Упал неудачно, тяжело, на раздробленную руку. Вскрикнул, перекатился на колени и быстро пополз к блестящему черному пистолету.

У наружной переборки кокпита имелась стойка, а в ней, словно комплект бильярдных киев, выстроились длинные десятифутовые багры, увенчанные огромными крюками из нержавеющей стали.

Чабби затачивал их сам, и крюки были едва ли не острее стилетов. Когда он погружал багор в тушу, от силы удара крюк слетал с рукояти, а потом рыбу затаскивали на борт с помощью сплесненного с нержавейкой крепкого нейлонового каната.

Гаттри почти дополз до пистолета, когда я откинул крепление стойки и вынул из нее багор.

Гаттри уже схватил пистолет левой рукой и теперь старался взять его поудобнее, сосредоточив все внимание на оружии, а пока он был занят, я снова встал на колени, размахнулся здоровой рукой и что было сил вогнал сверкающий крюк в его склоненную спину – сквозь ребра, по рукоять, на всю длину лезвия.

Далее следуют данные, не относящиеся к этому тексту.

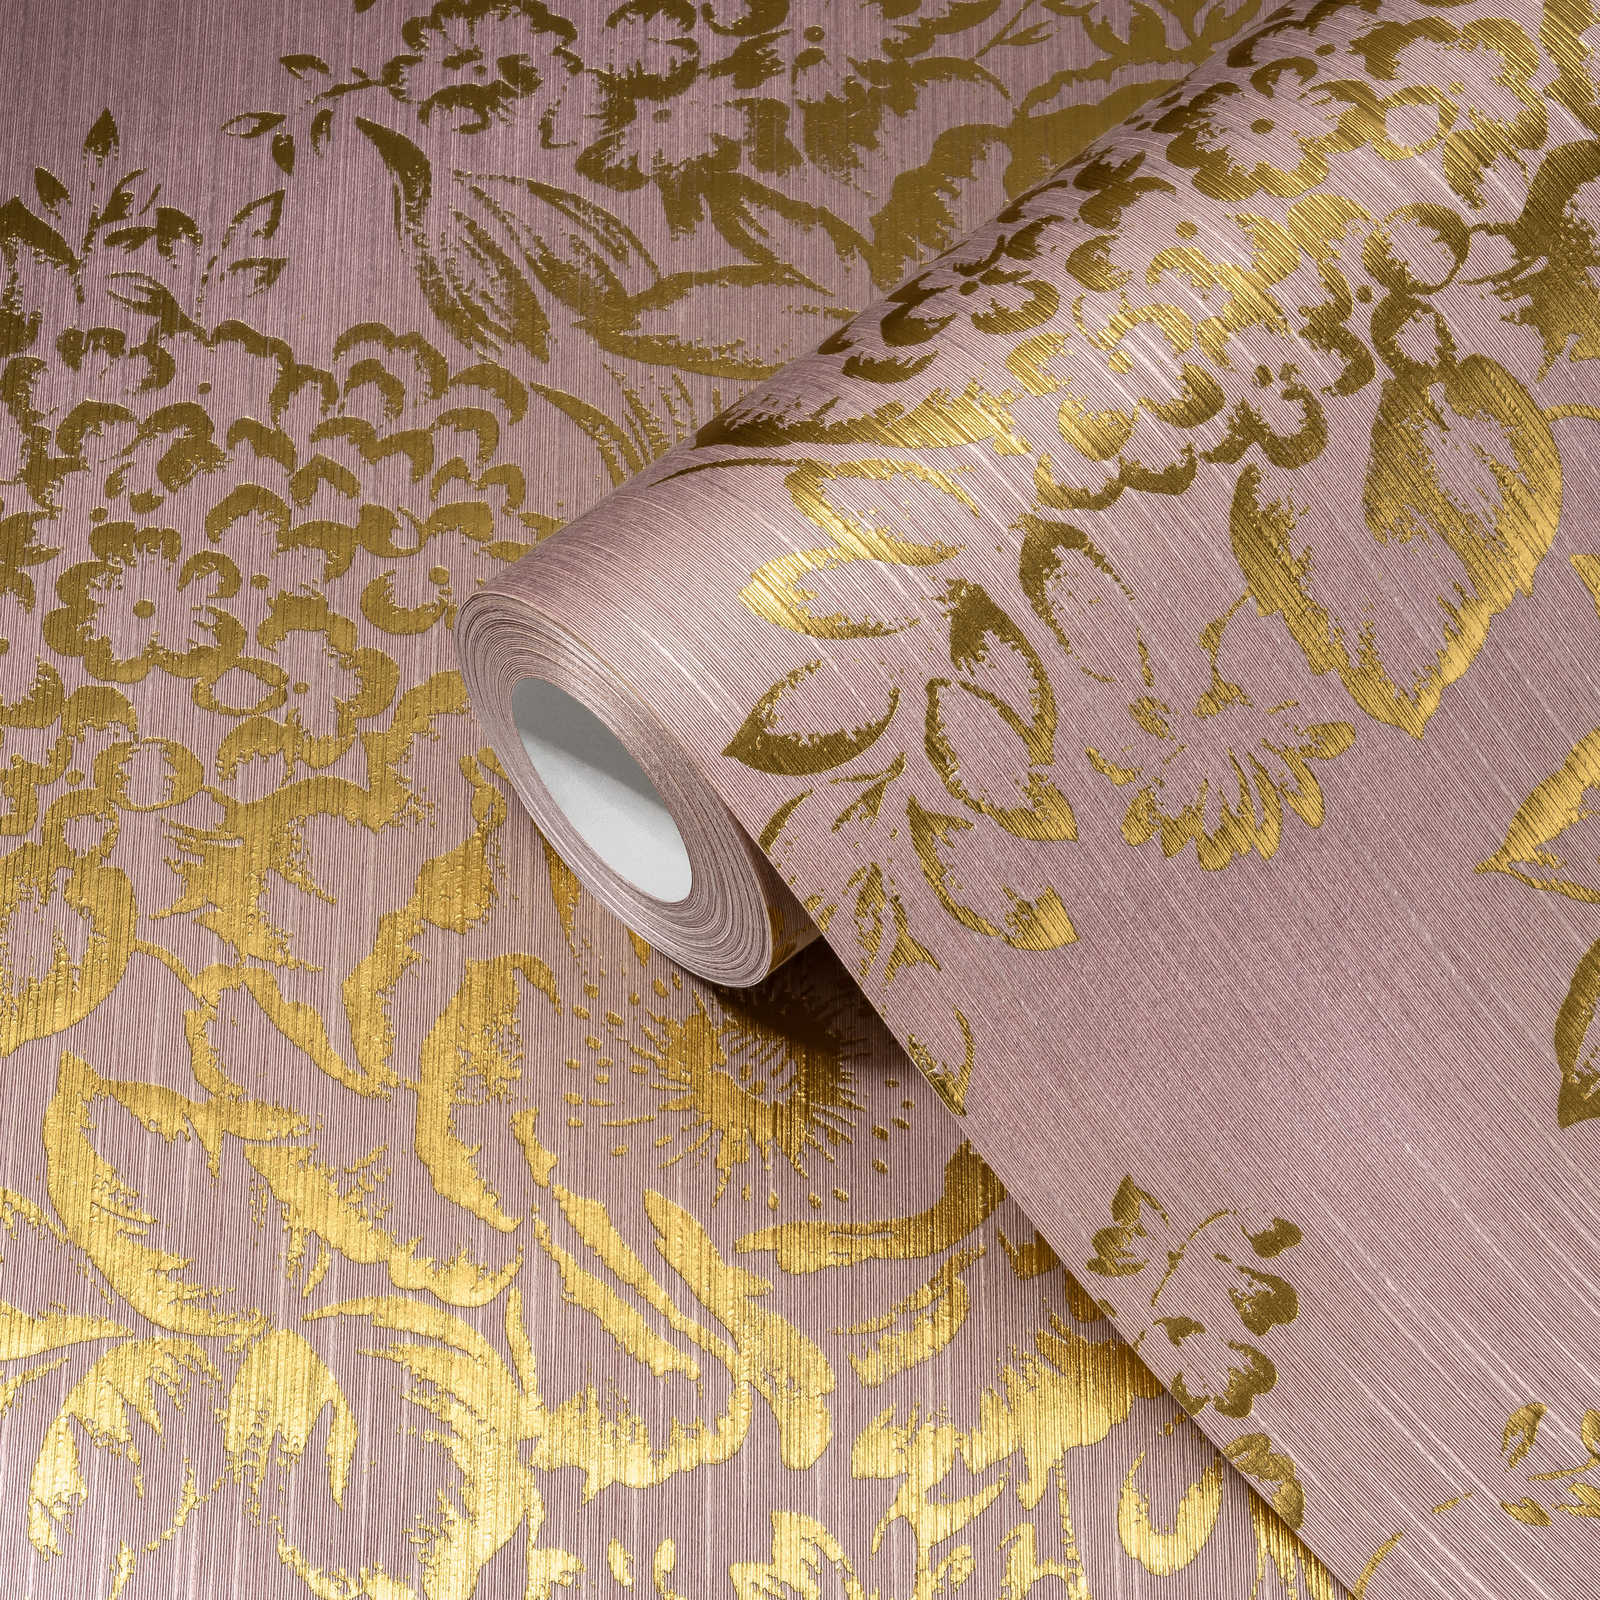             Strukturtapete mit goldenem Blütenmuster – Gold, Rosa

От удара Гаттри распластался на палубе, снова выронил пистолет, и «Танцующая», качнувшись, оттолкнула его в сторону.

Теперь, со сталью в грудной клетке, он закричал – даже не закричал, а тоненько завыл от боли. Я, однорукий, налег сильнее, пытаясь зацепить сердце или легкое, и крюк слетел с рукоятки. Гаттри покатился к пистолету, лихорадочно шаря рукой по палубе, а я отбросил древко багра и так же лихорадочно зашарил в поисках веревки, чтобы усмирить врага.

В Гамбурге, в ночном клубе района Санкт-Паули, я однажды видел, как две женщины борются друг с другом в бассейне, наполненном черной грязью. Сейчас мы с Гаттри давали примерно такое же представление, вот только вместо грязи в бассейне кокпита была наша кровь. Мы скользили и перекатывались по палубе, а «Танцующая» танцевала по волнам, безжалостно швыряя нас из стороны в сторону.

Наконец Гаттри ослаб и схватился здоровой рукой за огромный крюк, засевший глубоко в теле. Со следующей волной я сумел обвить его шею канатом, крепко зацепился ногой за низ рыбацкого кресла, собрался с силами и решительно затянул петлю.

Гаттри испустил взрывной выдох, язык его вывалился изо рта, тело обмякло, конечности безвольно раскинулись по доскам палубы, а голова стала покачиваться в такт движениям «Танцующей».

Я настолько устал, что даже не обрадовался. Ладонь моя самопроизвольно разжалась и выпустила канат, я лег на спину, закрыл глаза, и меня окутал саван тьмы.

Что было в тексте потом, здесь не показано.